Rajesh, please check if you have the same "Bad file descriptor" messages in your nfs.log.

Comment 7 Niels de Vos 2016-01-20 09:19:53 UTC
No errors in the <volume>-tier.log.

In the bricks however:

  E [MSGID: 113005] [posix.c:1700:posix_unlink] 0-bz1293798-posix: post operation fstat failed on fd=-1 [Bad file descriptor]
  E [MSGID: 115062] [server-rpc-fops.c:1097:server_unlink_cbk] 0-bz1293798-server: 375880: UNLINK /linux-3.19/tools/testing/selftests/powerpc/copyloops/memcpy_power7.S (4eb32857-ce11-482b-a83d-2a0fd0639eb1/memcpy_power7.S) ==> (Bad file descriptor) [Bad file descriptor]

Checking when this was last touched, it seems that upstream has a fix for it:

  http://review.gluster.org/13034

The chain of bugs that fixes this in a newer build of RHGS:

  bug 1293256 (Gluster mainline)
   + bug 1295347 (Gluster 3.7)
      + bug 1293237 (RHGS, glusterfs-3.7.5-13)

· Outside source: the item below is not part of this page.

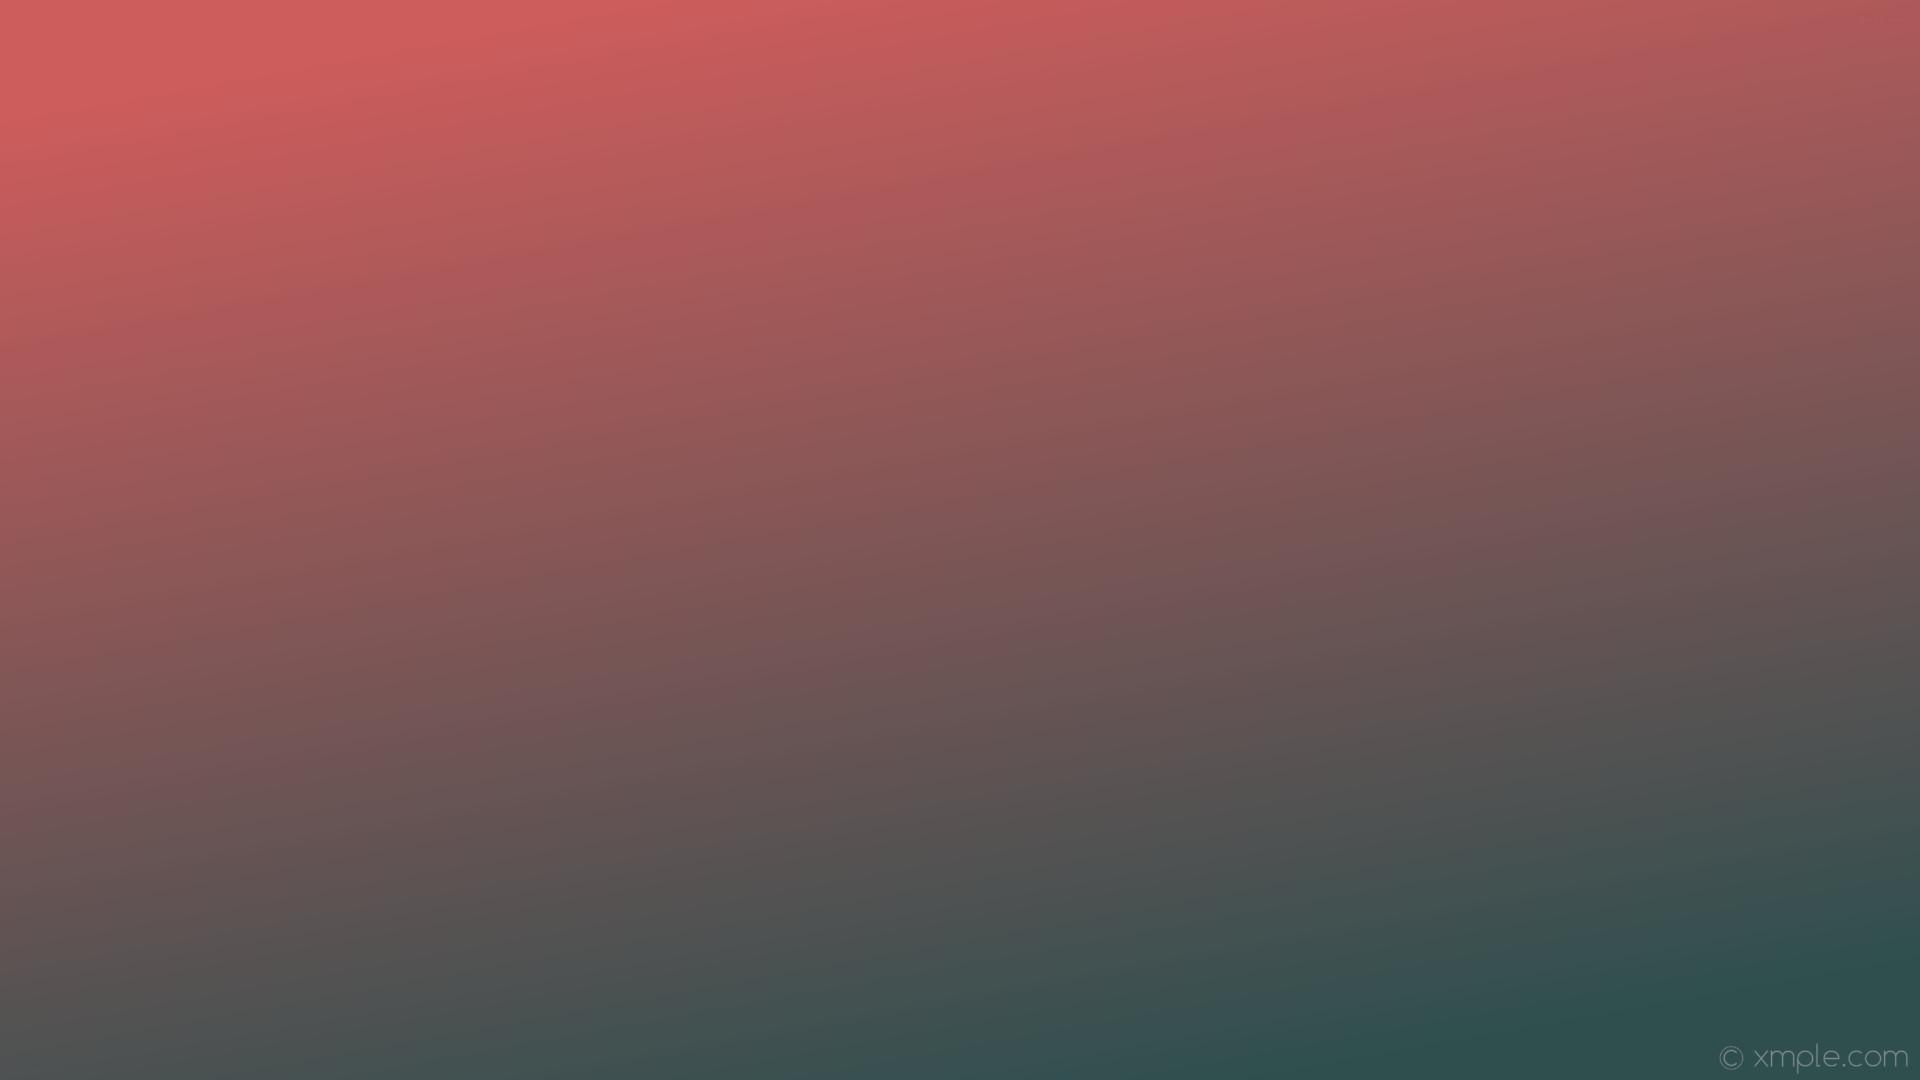 wallpaper linear red grey gradient indian red dark slate gray #cd5c5c  #2f4f4f 120°

This bug was opened while tests were done with an older release (-12). I expect that this problem can not be reproduced with -13 or newer.

*** This bug has been marked as a duplicate of bug 1293237 ***

Comment 8 RajeshReddy 2016-01-20 14:41:01 UTC
May i know On which build you reproduced the problem

Comment 9 Niels de Vos 2016-01-21 10:12:05 UTC
To reproduce, I used the version you reported this against in comment #0:

  glusterfs-server-3.7.5-12.el7rhgs.x86_64

With -13 I did not get the "unknown error 527" messages anymore.